Longer duration of viral suppression was associated with younger age at combination ART initiation among children with perinatal HIV, according to study findings published in JAMA Pediatrics.
Deborah Persaud, MD, of Johns Hopkins University School of Medicine in Baltimore, and colleagues assessed 144 adolescents with perinatal HIV enrolled in the Pediatric HIV/AIDS Cohort Study who were receiving durable combination ART. Study participants had a median age of 14.3 years at the end of follow-up and had been receiving combination ART for a median of 10.2 years.
For the 14 adolescents who achieved virologic control before 1 year of age, median age at combination ART initiation was 2.4 months. Fifty-three adolescents achieved virologic control between ages 1 to 5 years and had a median age of 1.9 years at ART initiation, compared with 77 children who achieved virologic control after age 5 years who had a median age of 5.6 years at ART initiation.
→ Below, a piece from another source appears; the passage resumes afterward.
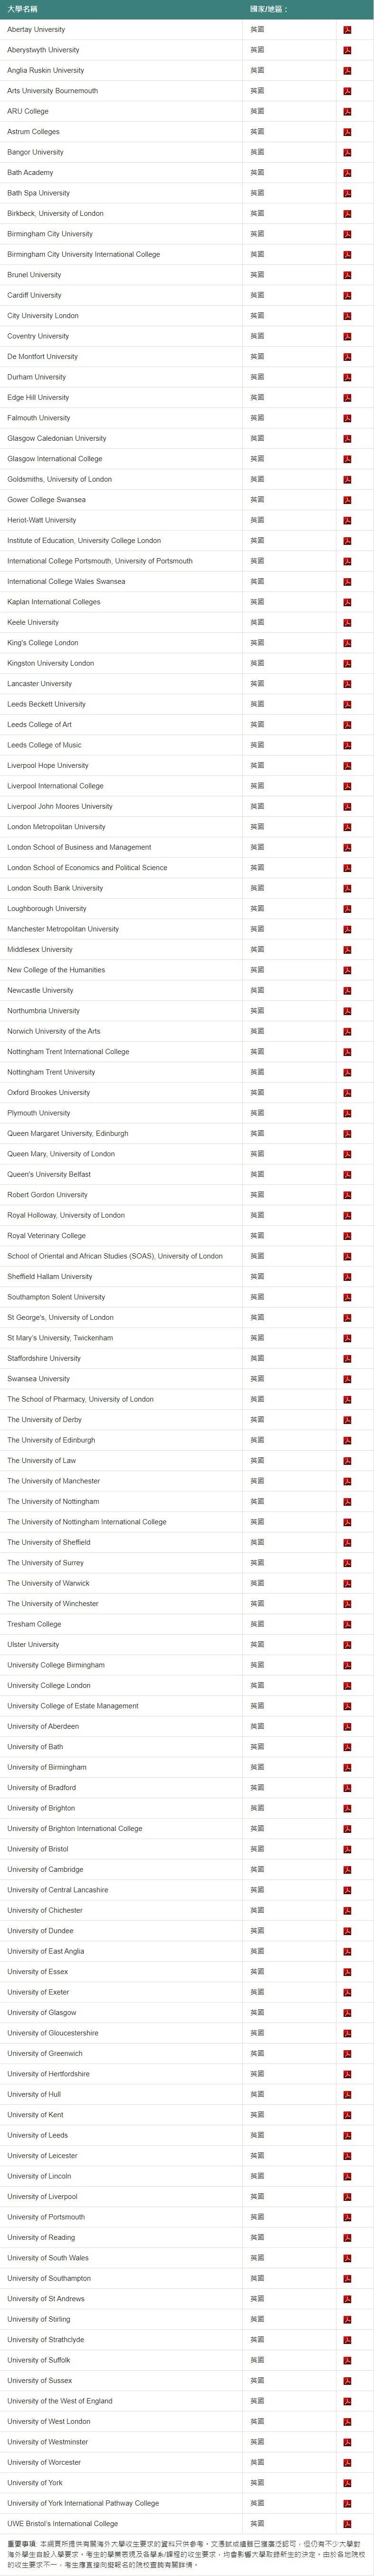 DSE可申请的全球大学名单—英国篇
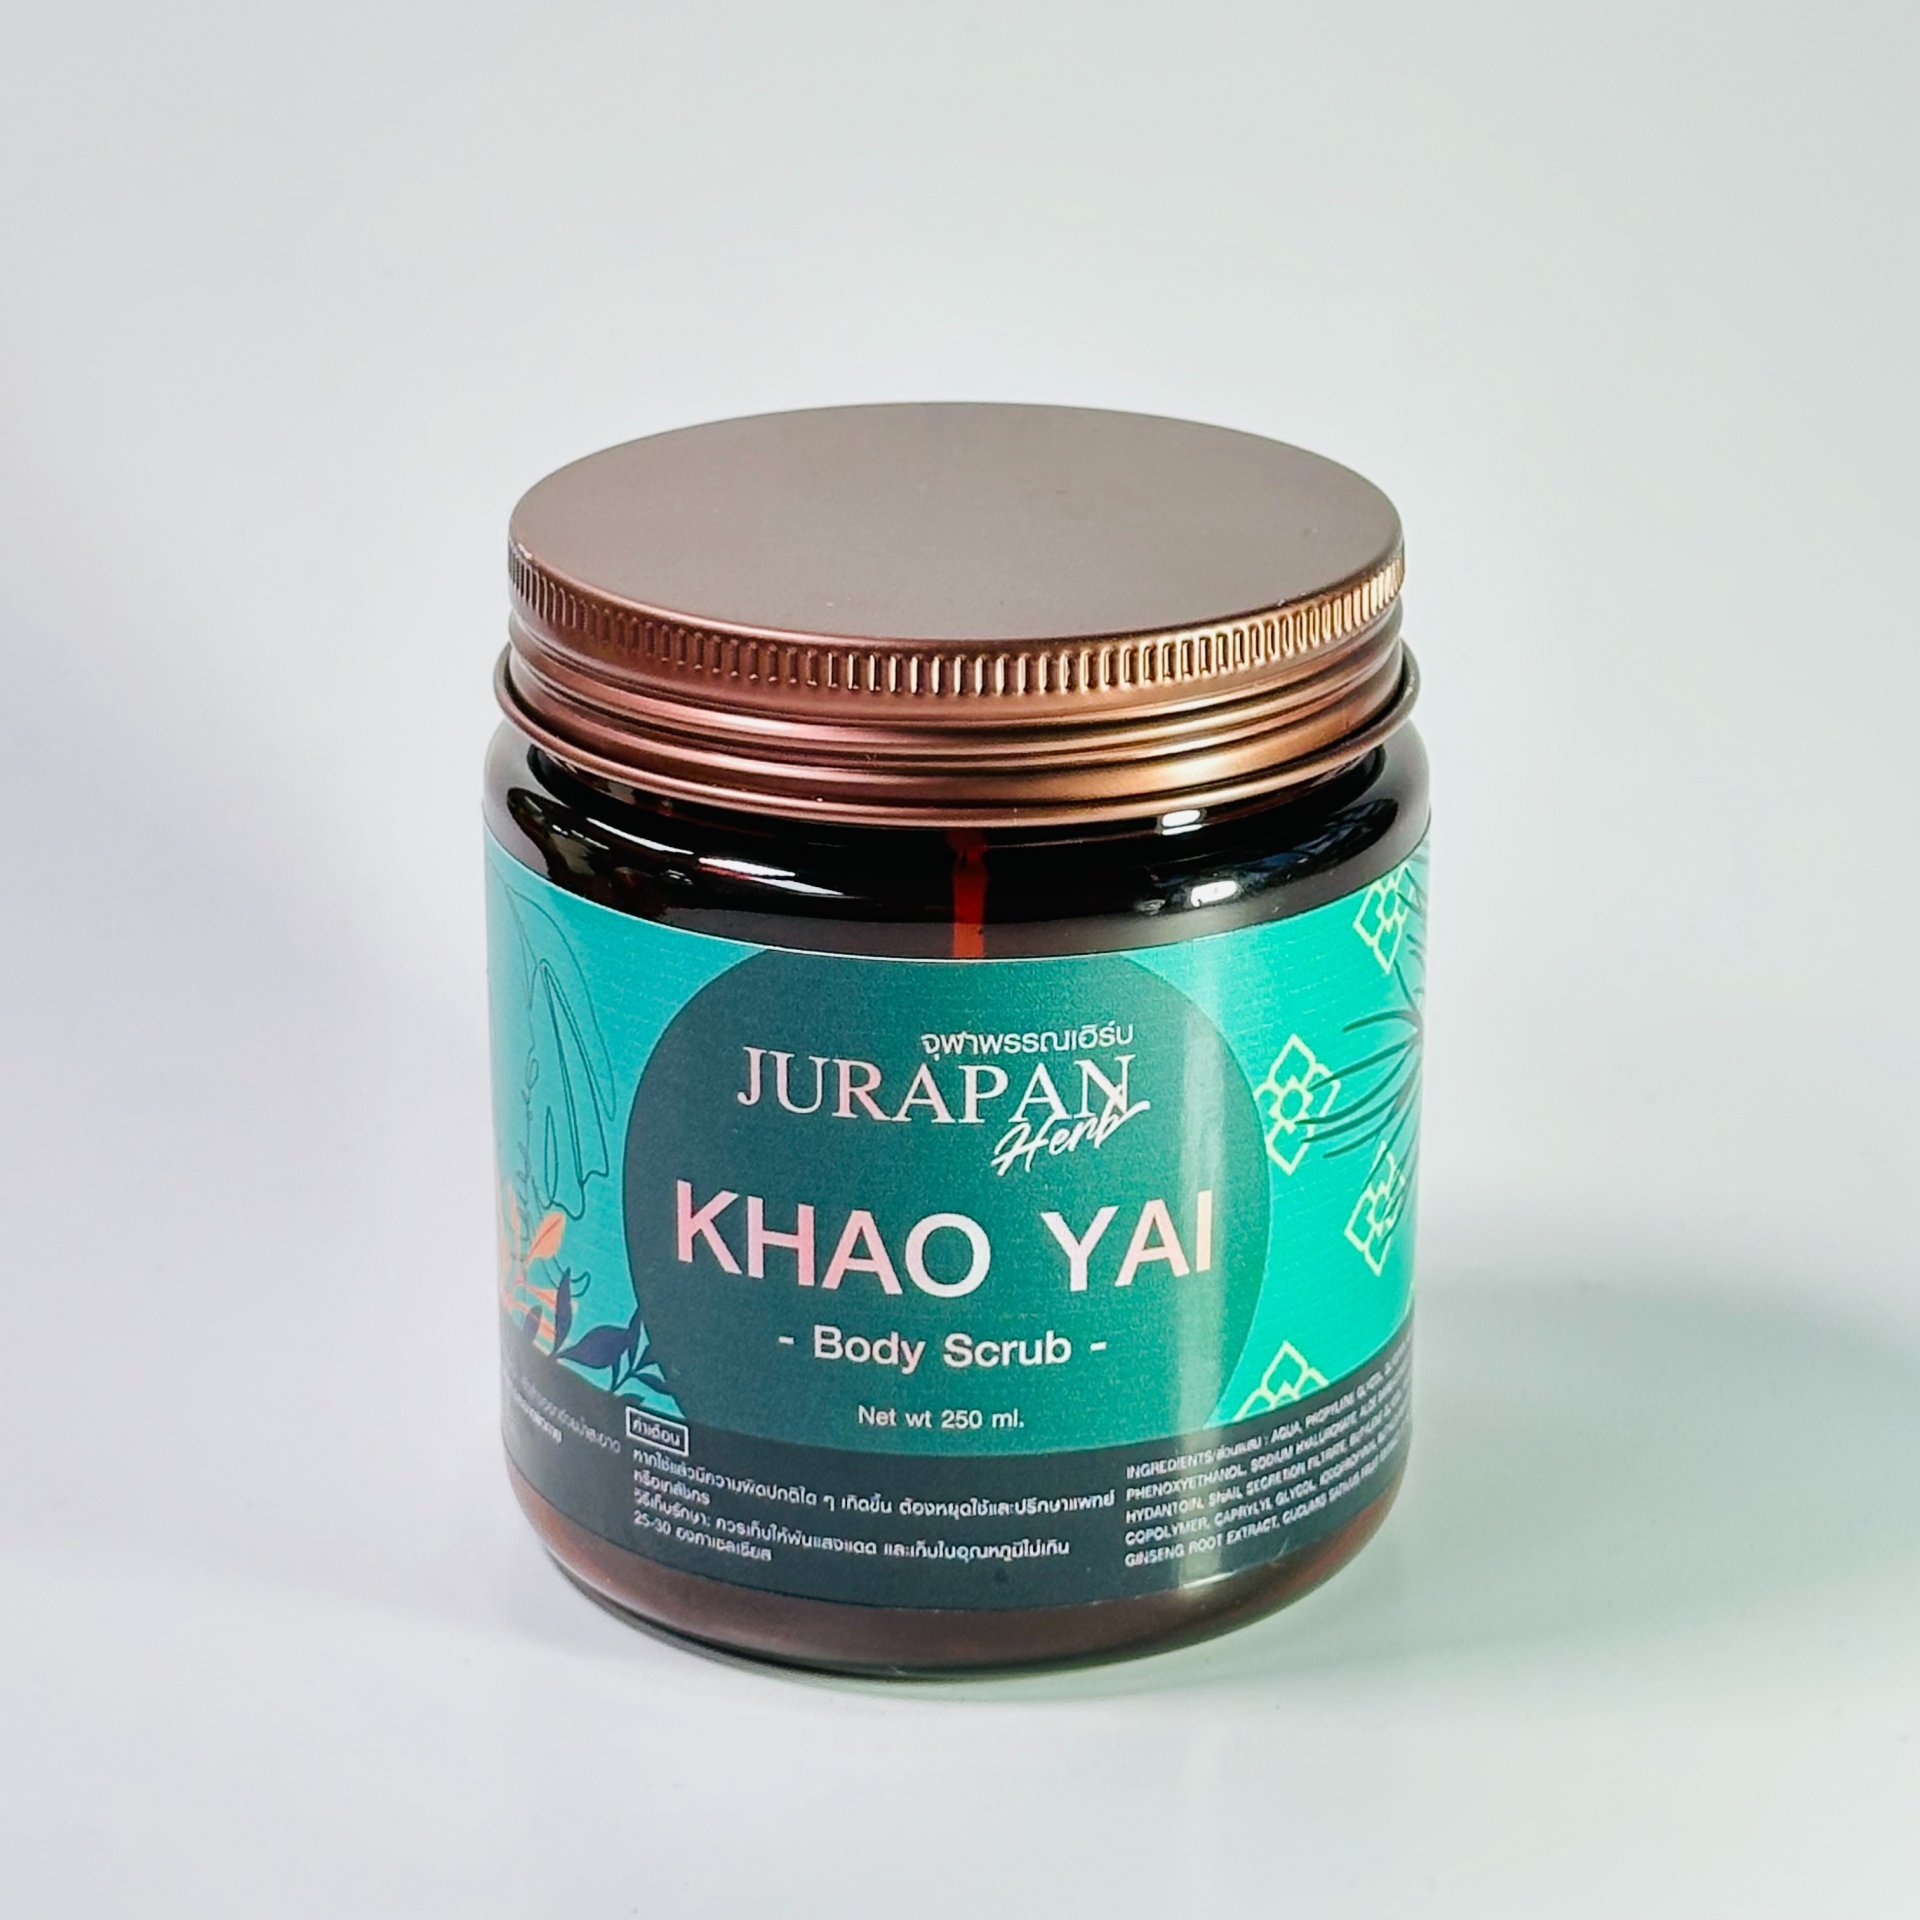 Jurapan Herb Khao Yai Wood Bath & Body Scrub

Children who achieved virologic control after age 5 years were more likely to have received non-combination ART regimens prior to combination ART initiation. These children took longer to achieve virologic control after beginning ART.
Younger age at virologic control was associated with higher plasma viral load concentrations (P=.007) and CD4 T-cell percentage (P=.07) at combination ART initiation.
Younger age at virologic control was significantly associated with longer duration of virologic control, the researchers wrote.
Median duration of virologic control from confirmed virologic suppression to end of follow-up was 11.8 years for children who achieved virologic control before 1 year of age, 9.6 years for children who achieved virologic control between ages 1 to 5 years and 4.4 years among children who achieved virologic control after age 5 years.
Children who achieved virologic control at younger ages had slightly higher percentages of reconstituted CD4 T-cells (P=.03), though there were no between-group difference in increases in median CD4 T-cell percentages from ART initiation to end of follow-up.
“With combination ART, perinatally HIV-infected children have the potential to survive to adulthood. This study adds evidence that early effective control of virus replication in perinatal infection with combination ART, along with prolonged virologic suppression, leads to substantially restricted HIV peripheral blood proviral reservoirs and makes these children and adolescents potential candidates for interventions examining HIV remission or cure,” the researchers concluded.
Disclosure: One researcher reports financial ties with Chimerix, BMS, Gilead, Gen-Probe, Mongram, Sirenas and Prism. The other researchers report no relevant financial disclosures.